This calls for a verbatim copy of all the data, with no images carried over.

Dataset section:
____________

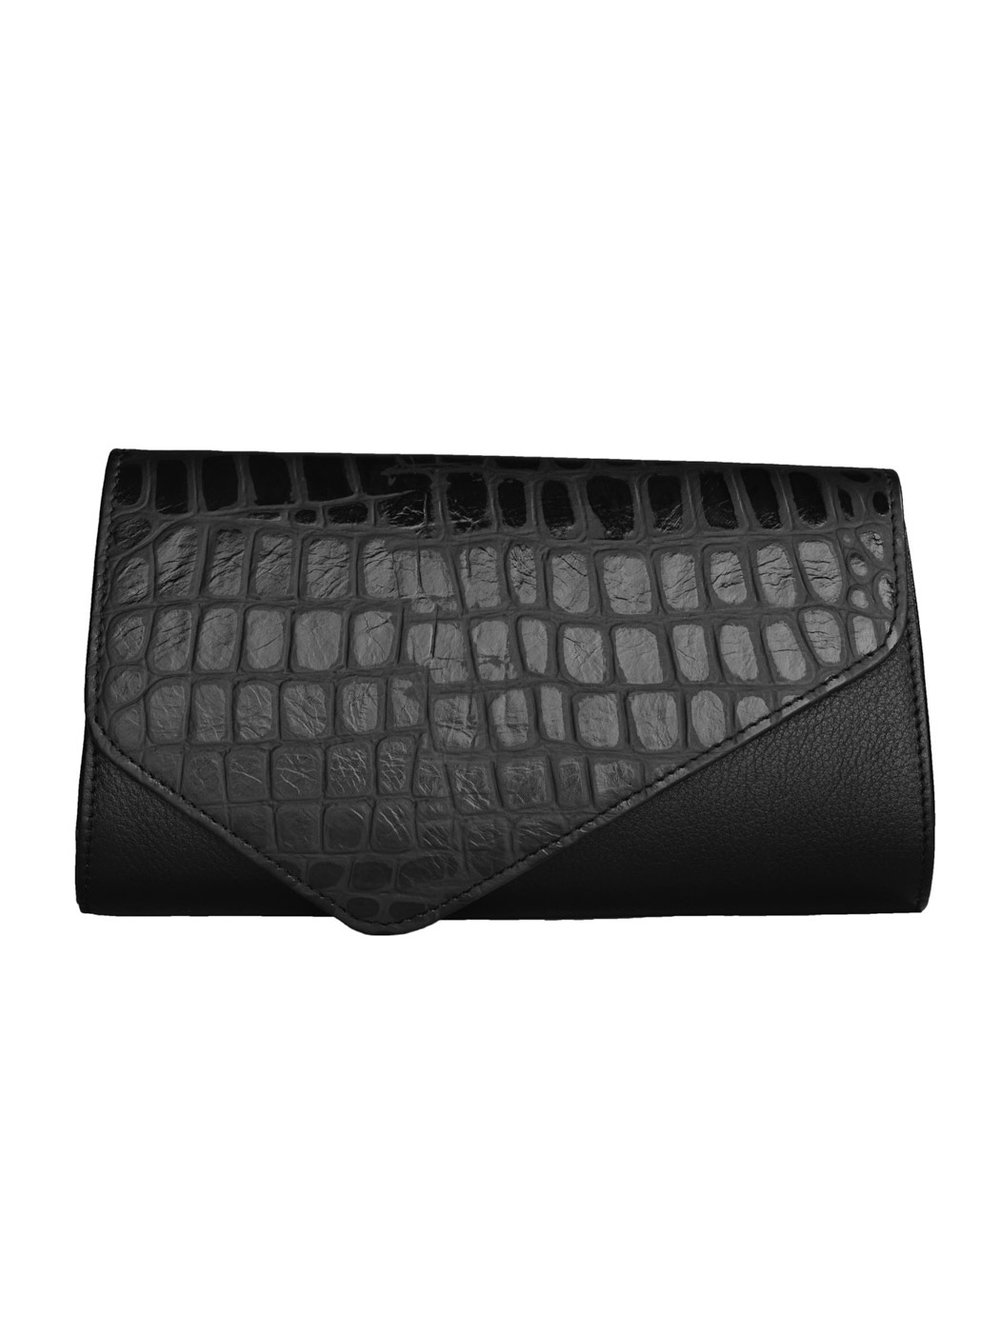 Clutch negro - $170
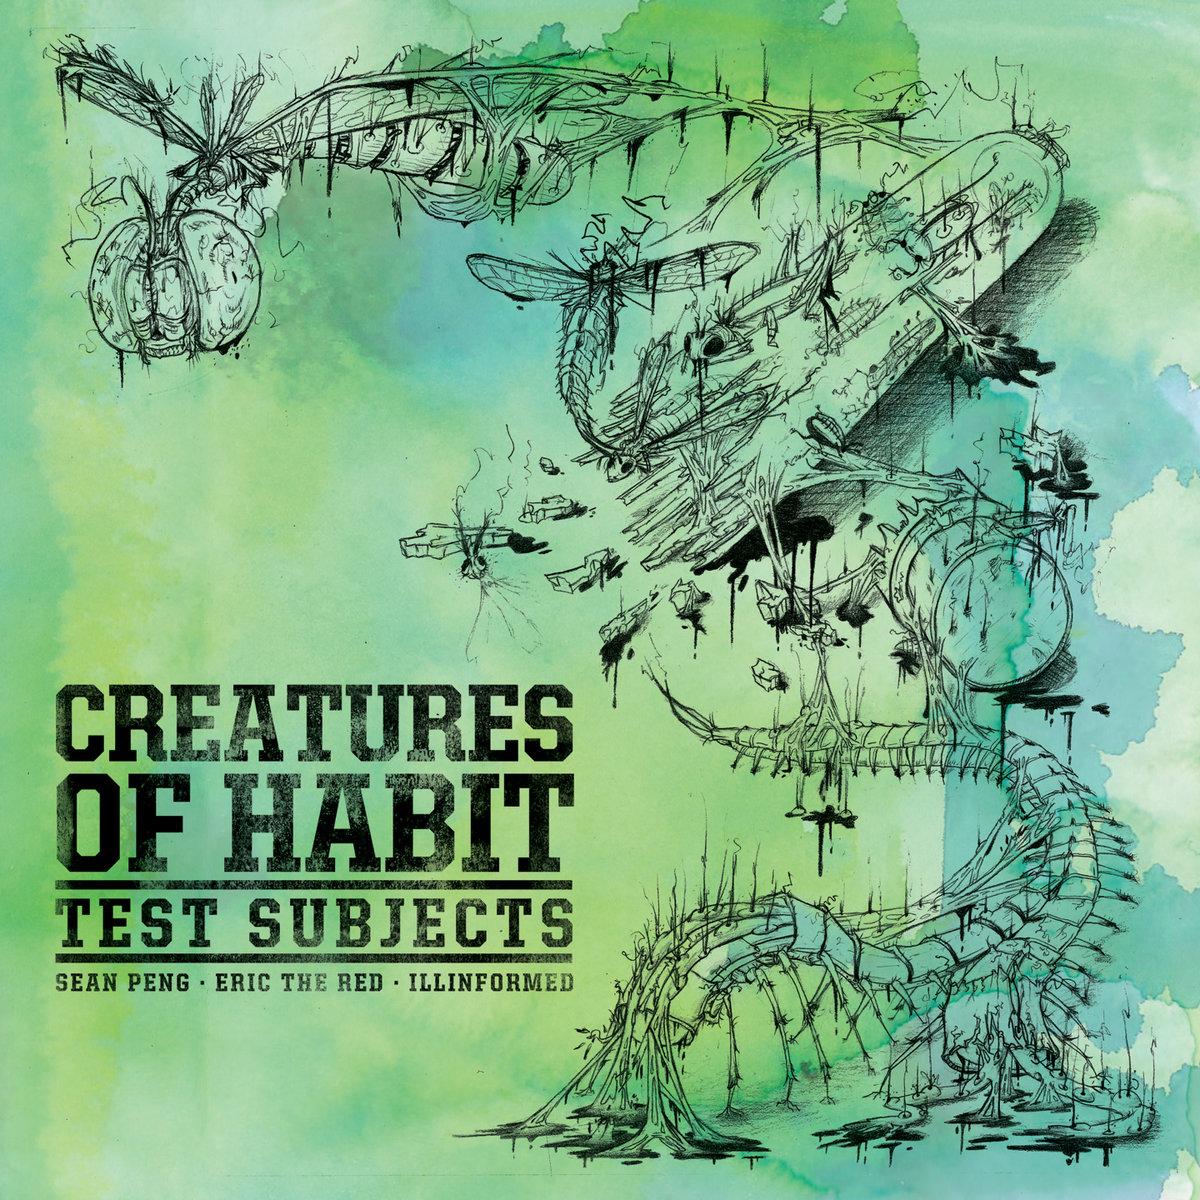 Creatures_of_habit_presentan_test_subjects
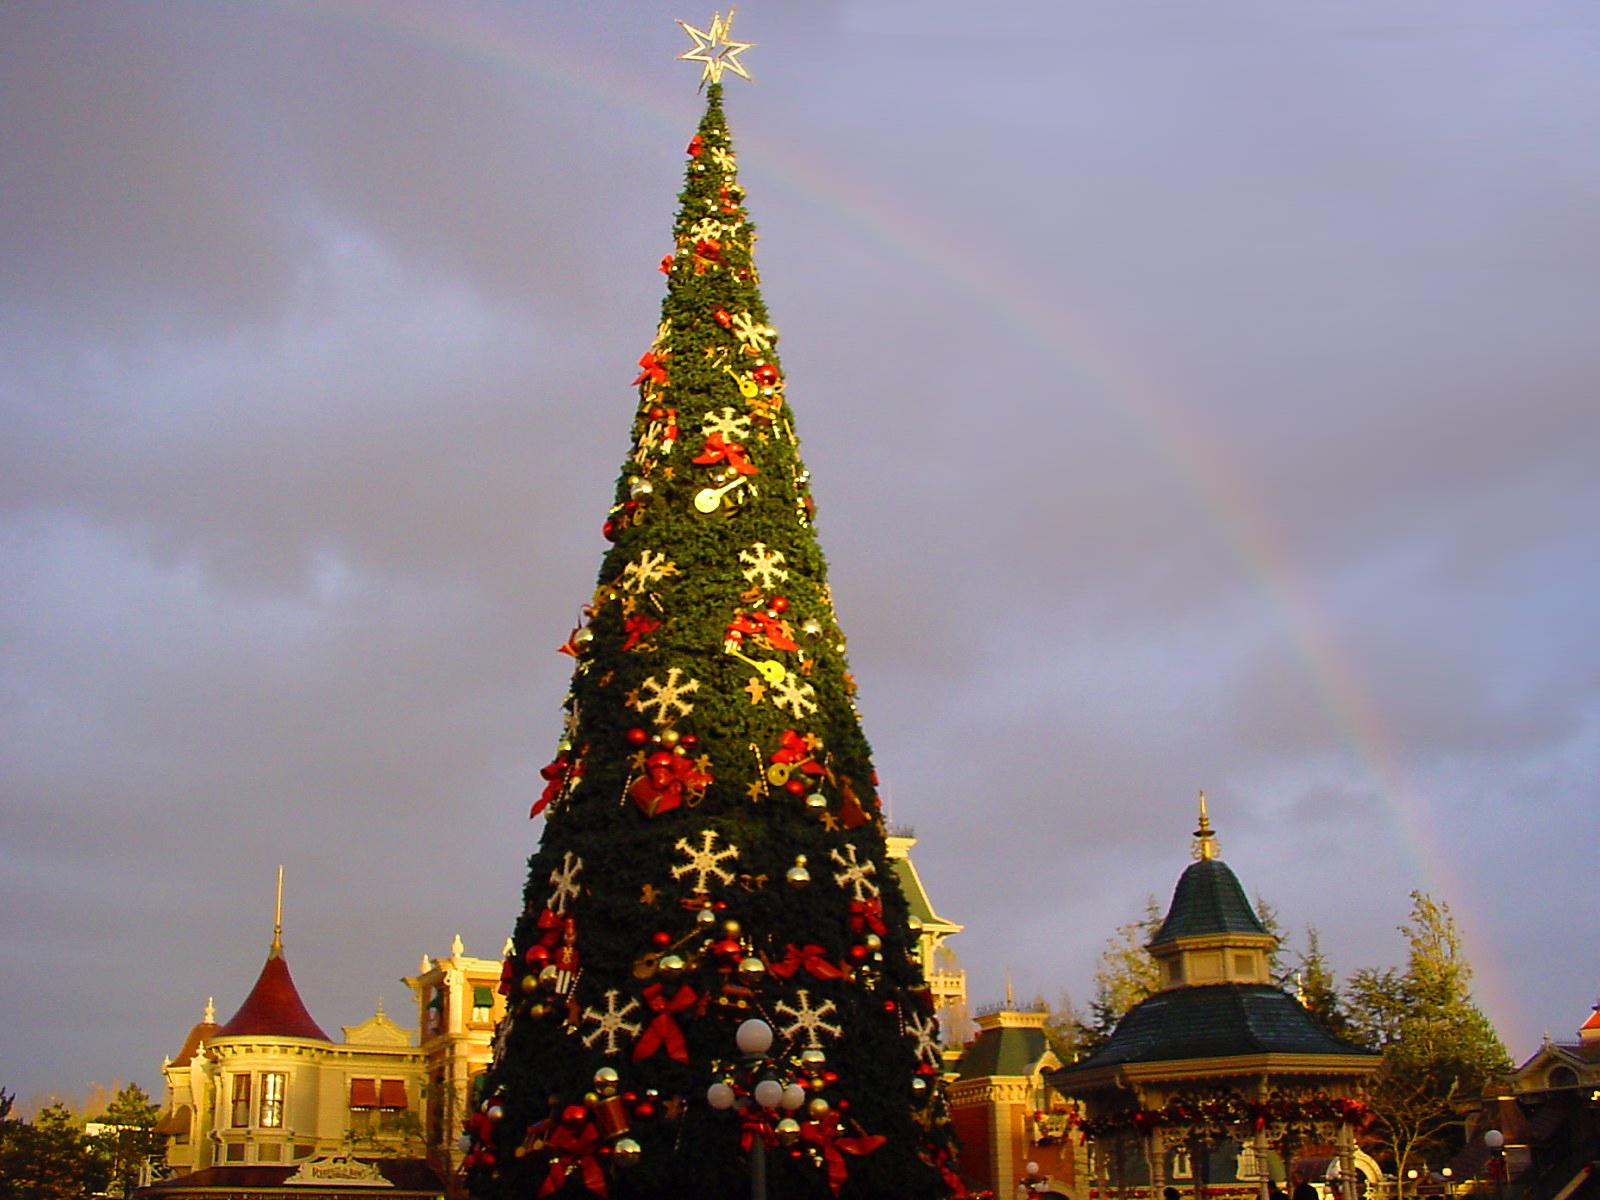 La imagen Disneyland rbol wallpapers and stock photos 1600x1200

____________

Task result:
 Clutch negro - $170
 Creatures_of_habit_presentan_test_subjects
 La imagen Disneyland rbol wallpapers and stock photos 1600x1200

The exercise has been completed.